Sabe aquele papo de “homem de família” e “mentor respeitado”? Pois é, amores. O capital simbólico de Busfield, casado com a queridinha da América Melissa Gilbert, está derretendo em praça pública. Hollywood adora um herói, mas esquece que o figurino de “bom moço” costuma ser o esconderijo perfeito.
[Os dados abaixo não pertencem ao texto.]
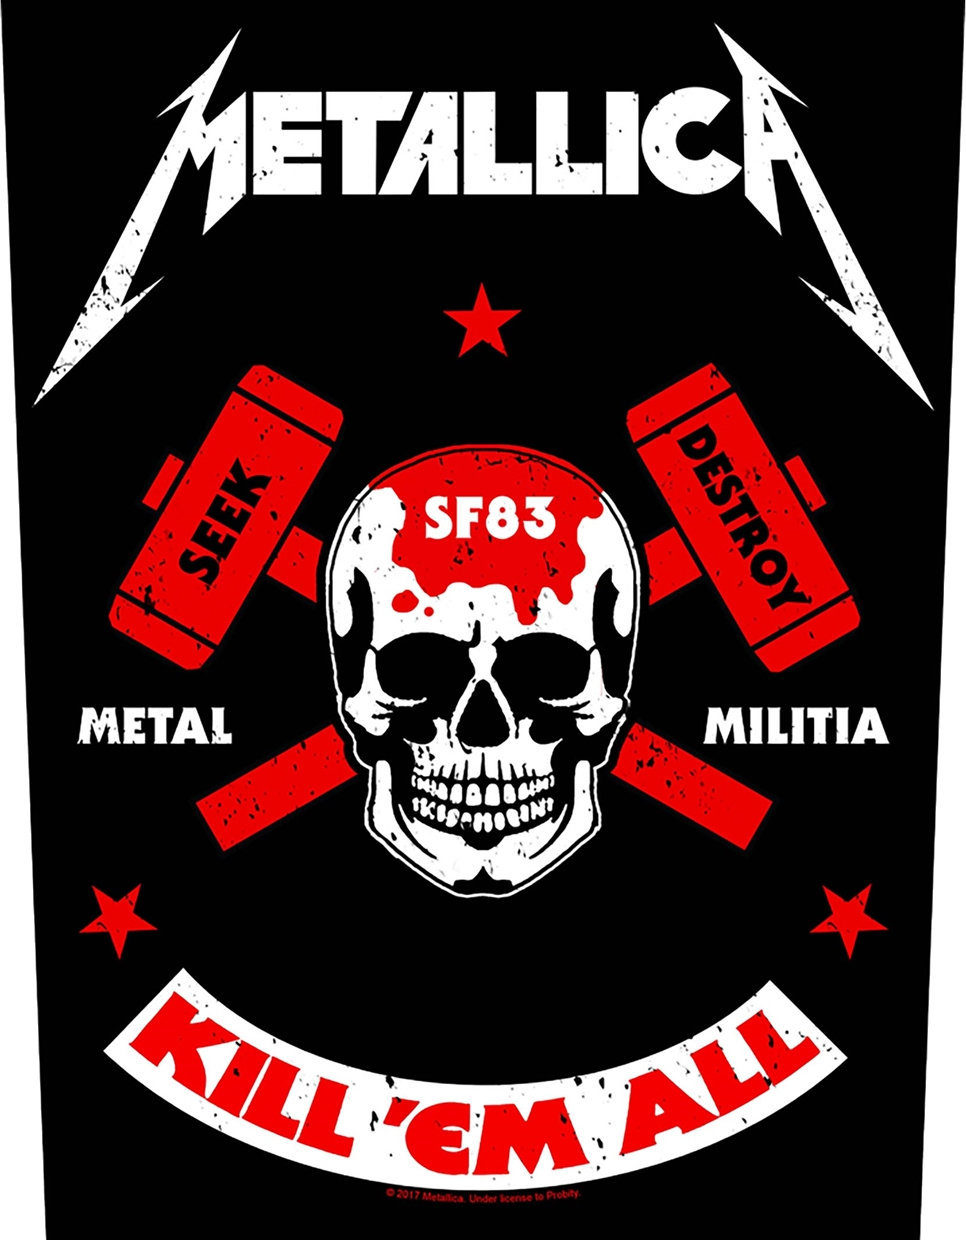 Obliža
 Metallica Metal Militia Obliža

O silêncio que ensurdece: Qual o futuro de Busfield?
Enquanto os advogados de Timothy tentam classificar as acusações como “infundadas”, o cenário jurídico no Novo México está mudando, e a prescrição desses crimes não é mais o escudo que costumava ser. Na prática? O cerco está fechando.
Nos bastidores, o roteiro é o de sempre: silêncio absoluto, marcas se afastando e projetos sendo “engavetados” silenciosamente. Afinal, em uma indústria obcecada por imagem, ninguém quer estar perto de um legado que acaba de ser implodido por uma denúncia desse porte.
A pergunta que Hollywood não quer calar
O caso Busfield não é um evento isolado. Ele expõe a ferida aberta da falta de proteção a menores em locações de cinema. Depois do movimento #MeToo, a gente achou que a limpeza tinha sido feita, mas parece que as vassouras só empurraram a poeira para baixo do tapete.
A pergunta que a gente deixa para vocês é: quantas outras “figuras intocáveis” ainda estão circulando por aí enquanto as vítimas esperam décadas por justiça?